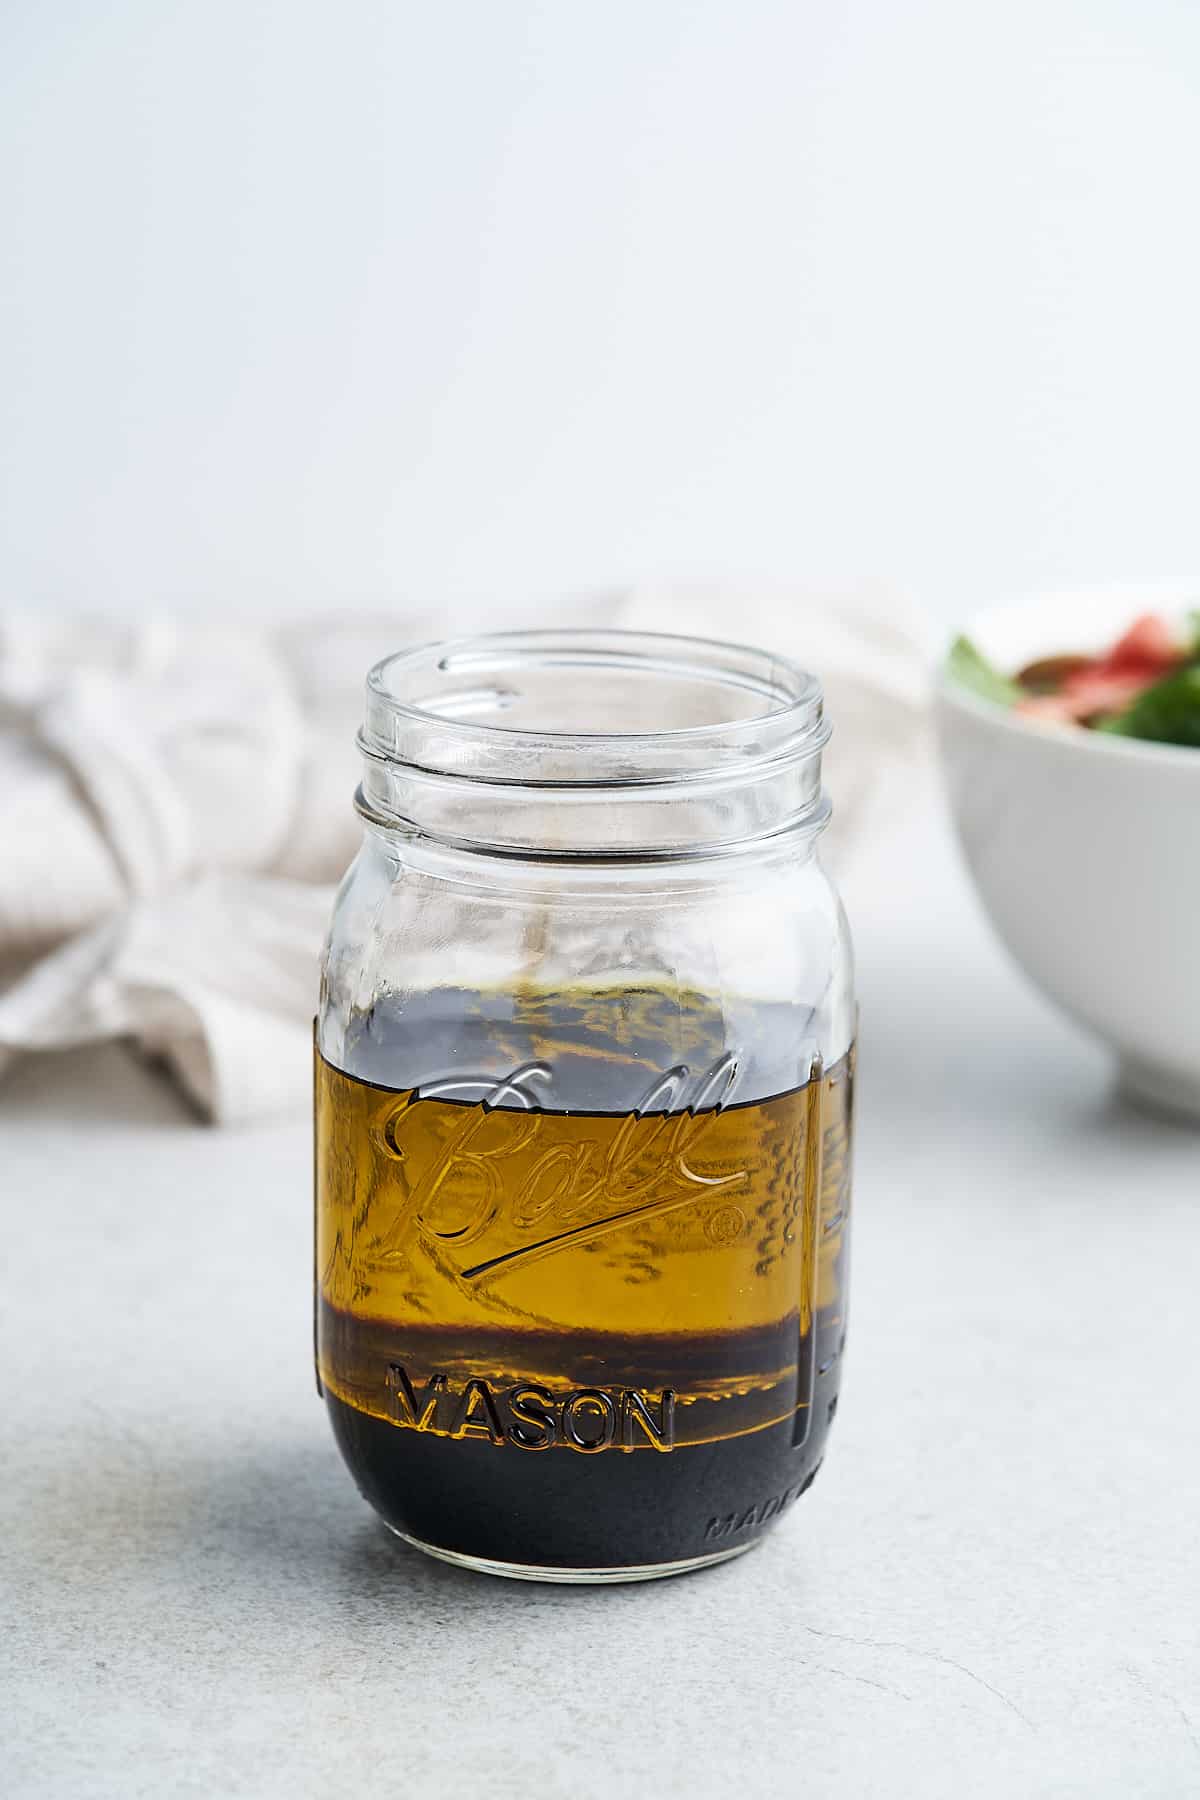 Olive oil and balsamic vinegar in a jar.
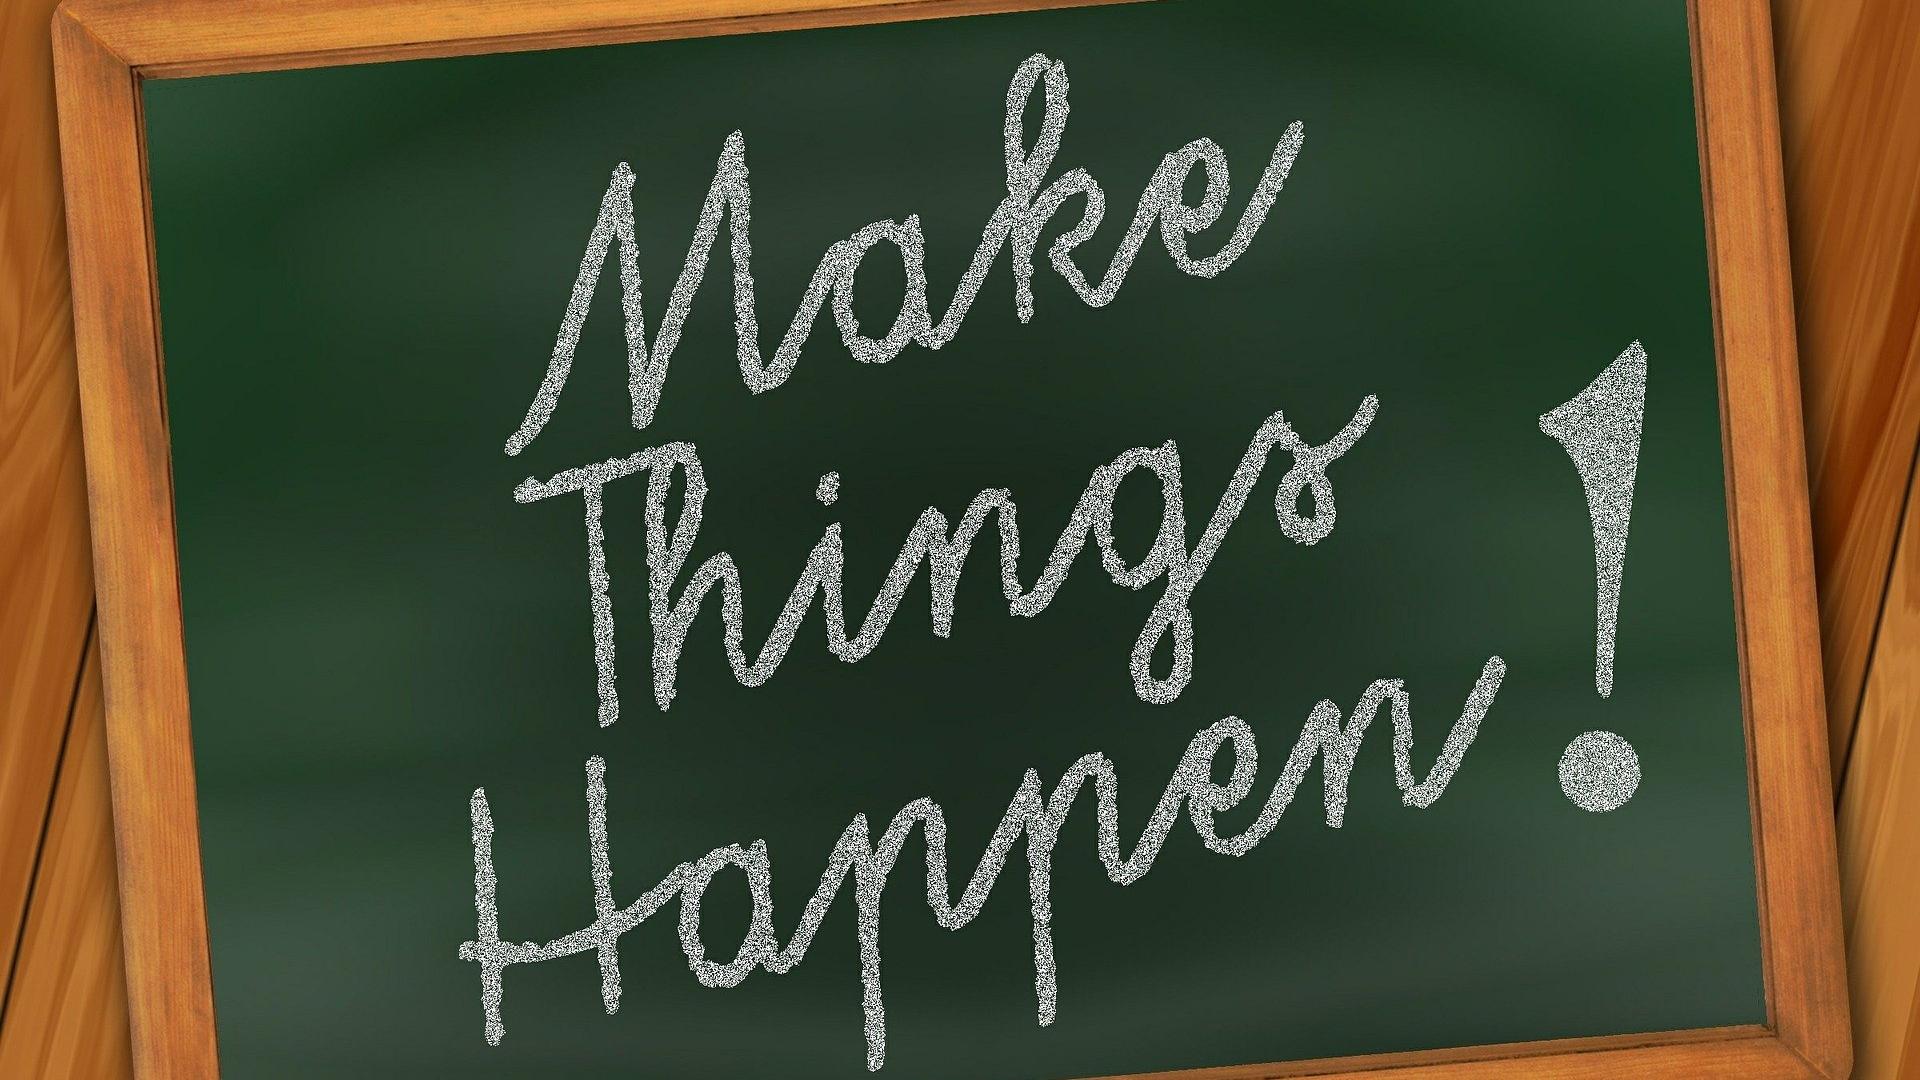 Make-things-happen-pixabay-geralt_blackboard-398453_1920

|---|

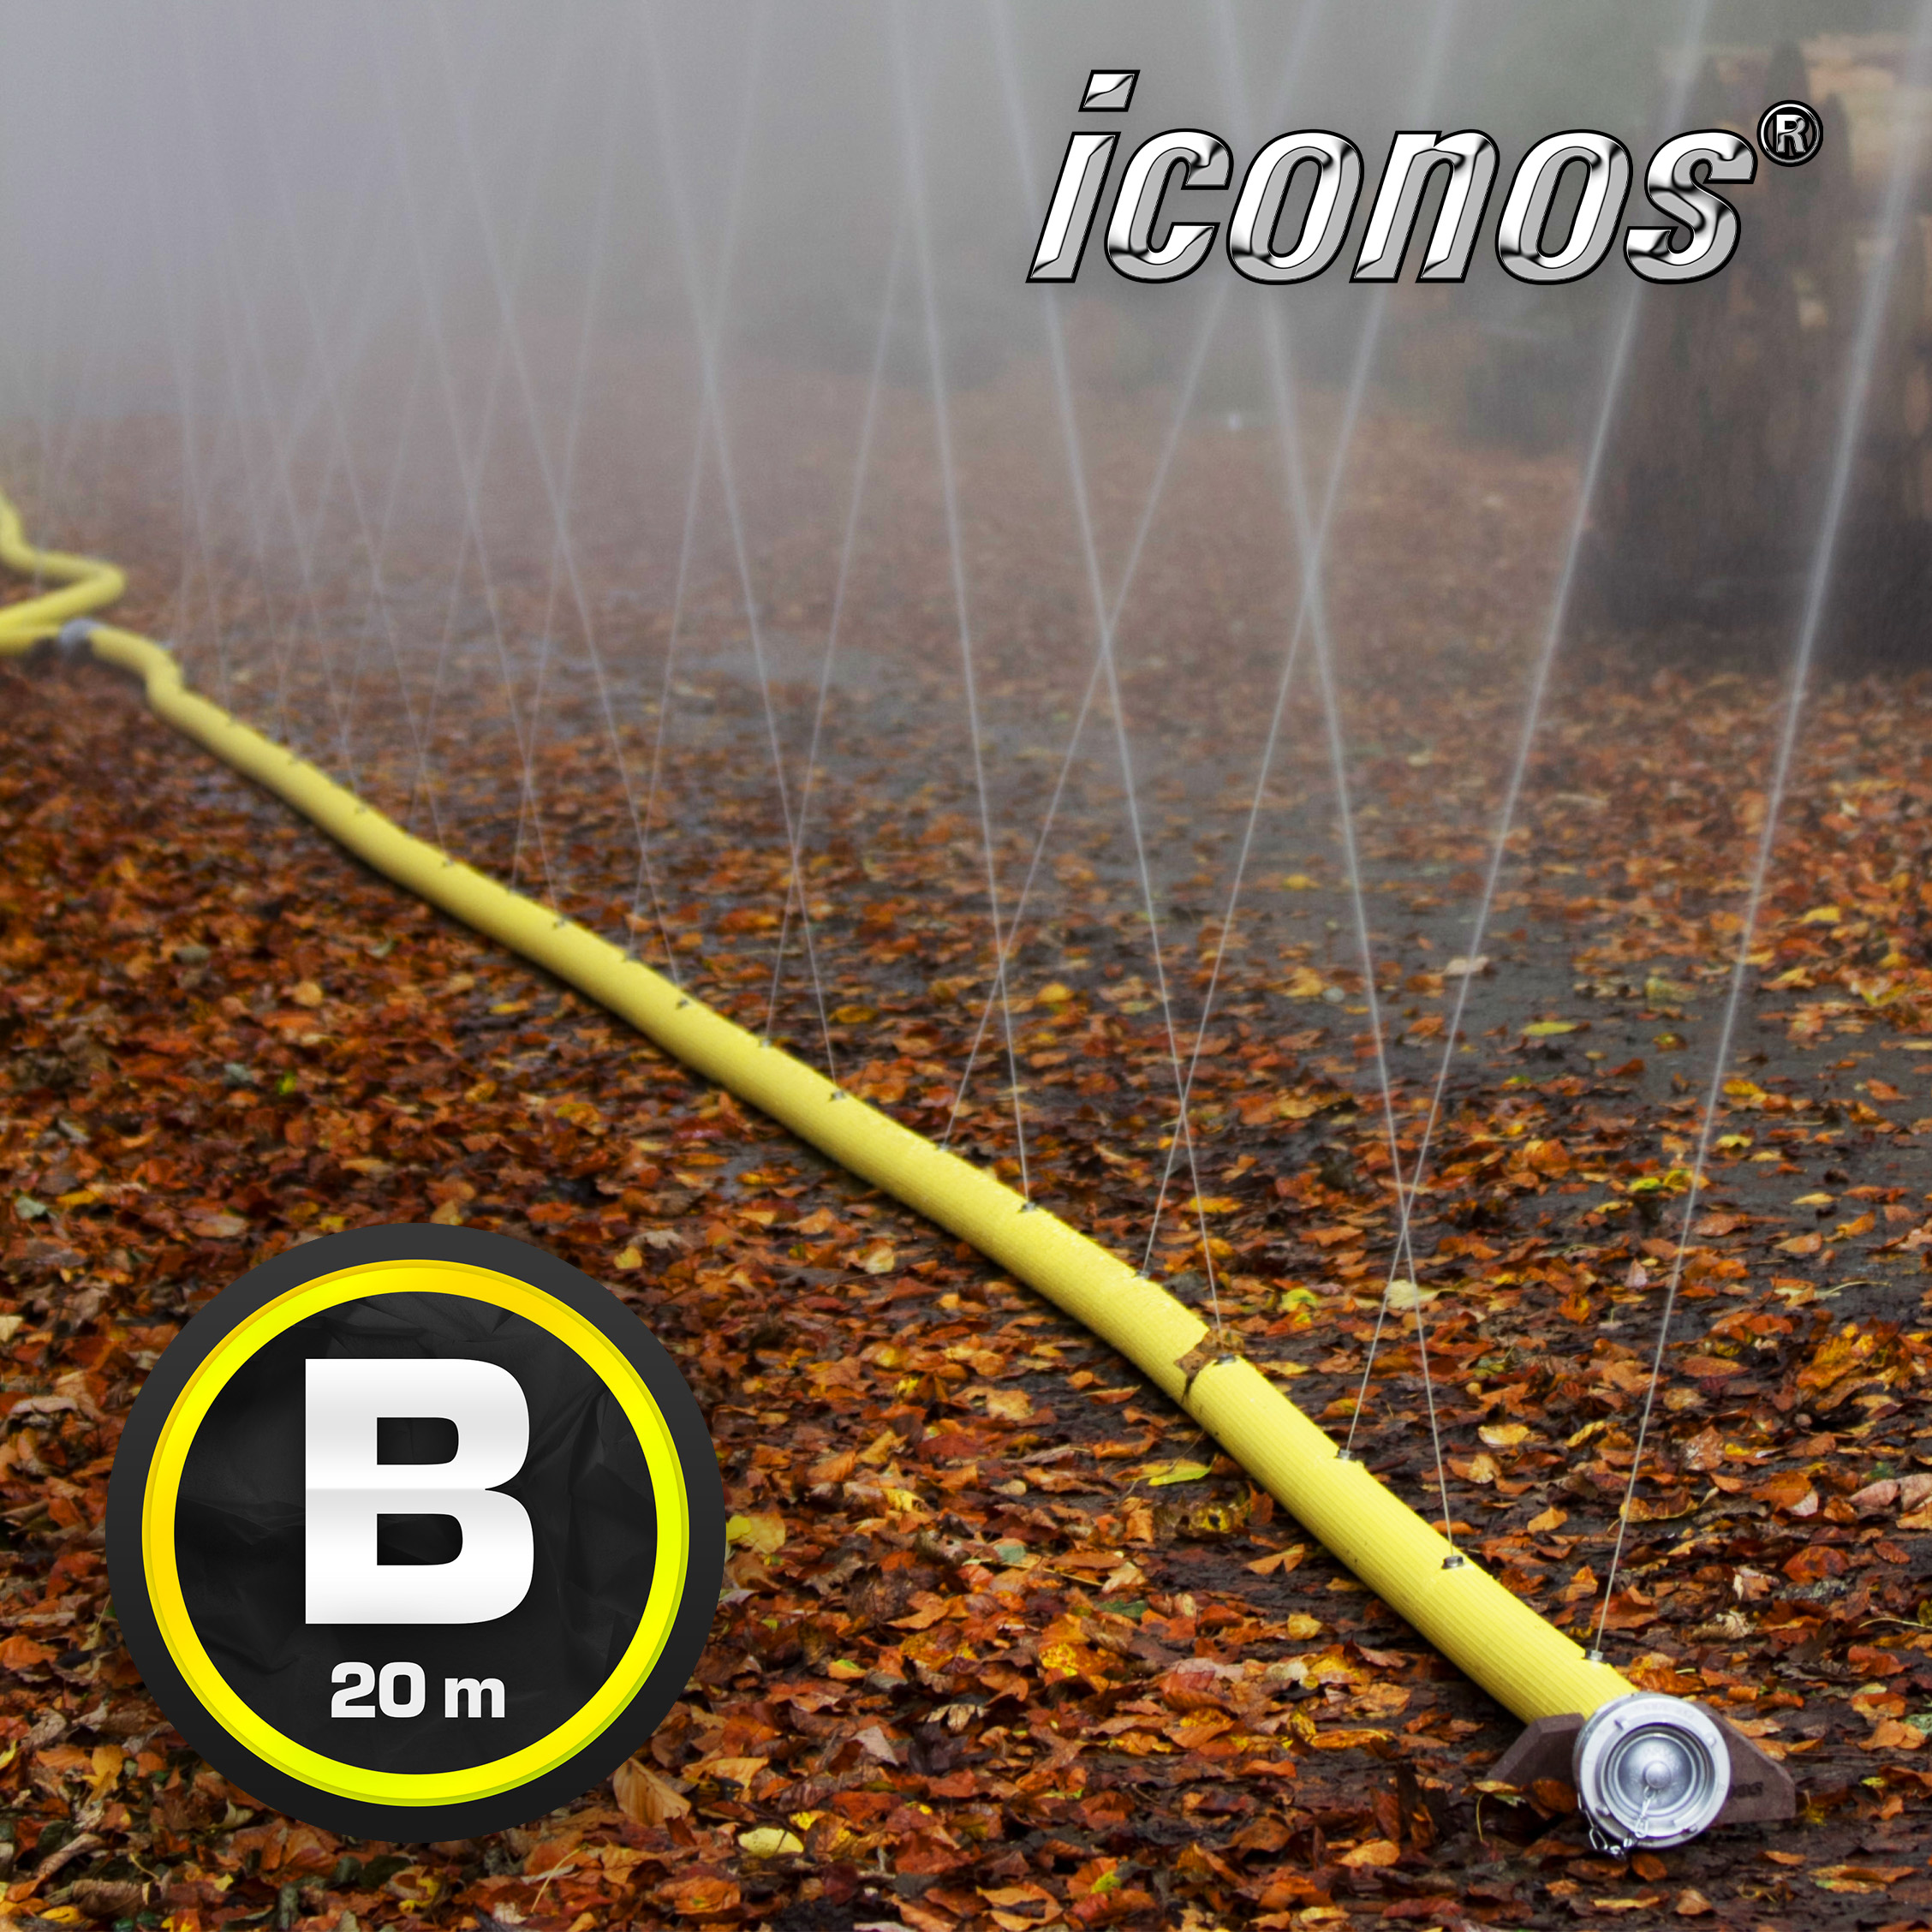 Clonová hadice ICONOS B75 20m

|---|

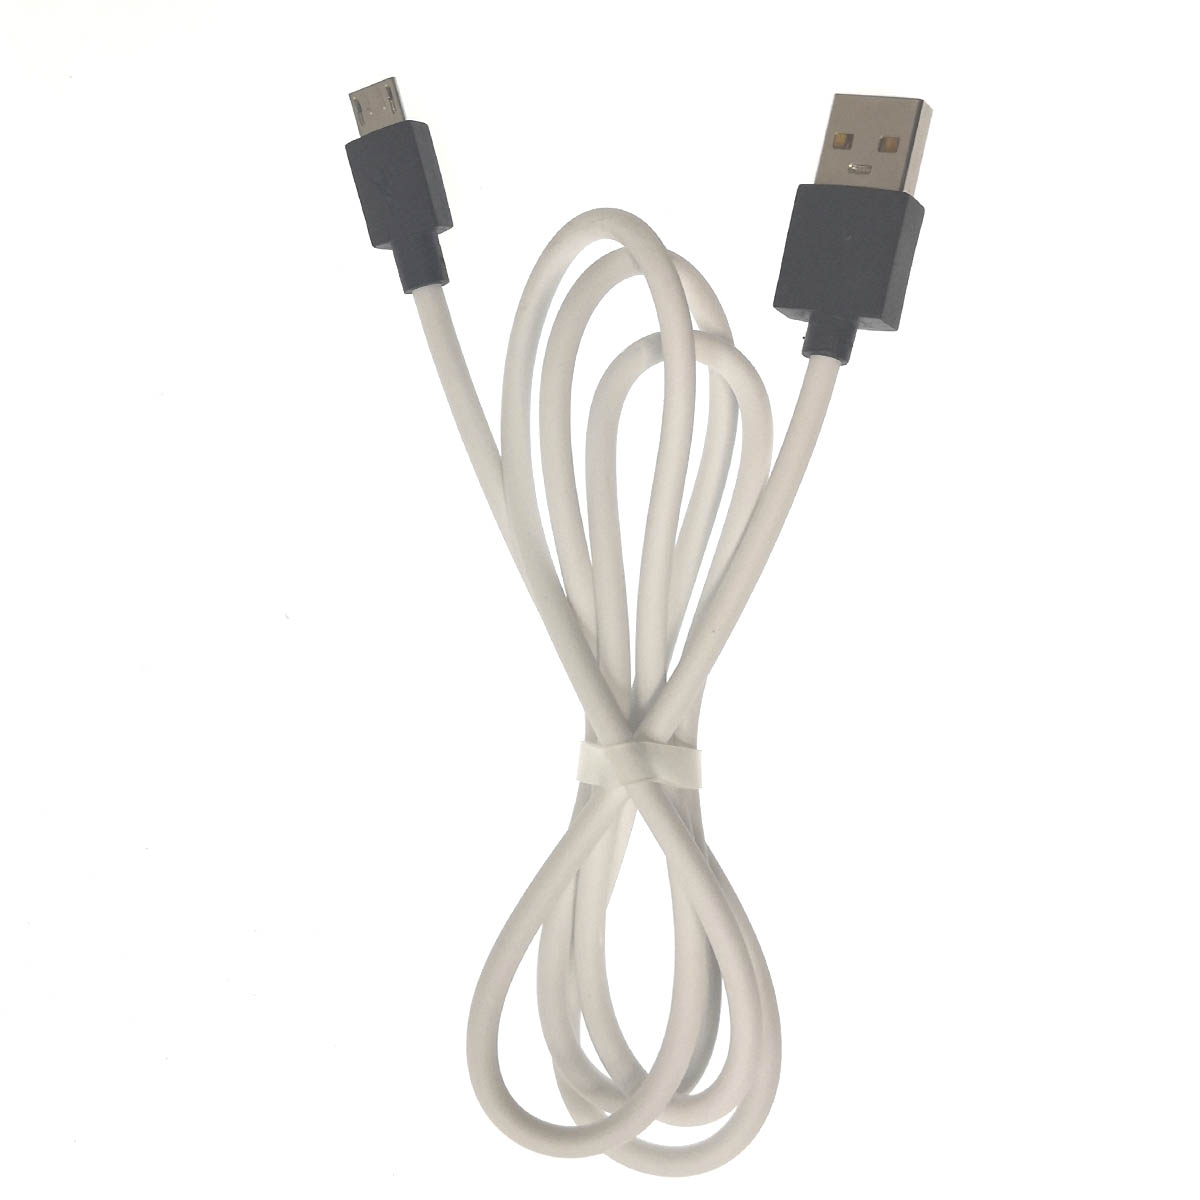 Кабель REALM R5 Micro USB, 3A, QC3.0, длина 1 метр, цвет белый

|---|

Task to carry out -
Leaving every picture aside, reproduce exactly the lines above from the one with "Olive oil and balsamic vinegar in a jar." up to and including the one with "Make-things-happen-pixabay-geralt_blackboard-398453_1920", and no others.

Solution for this problem -
 Olive oil and balsamic vinegar in a jar.
 Make-things-happen-pixabay-geralt_blackboard-398453_1920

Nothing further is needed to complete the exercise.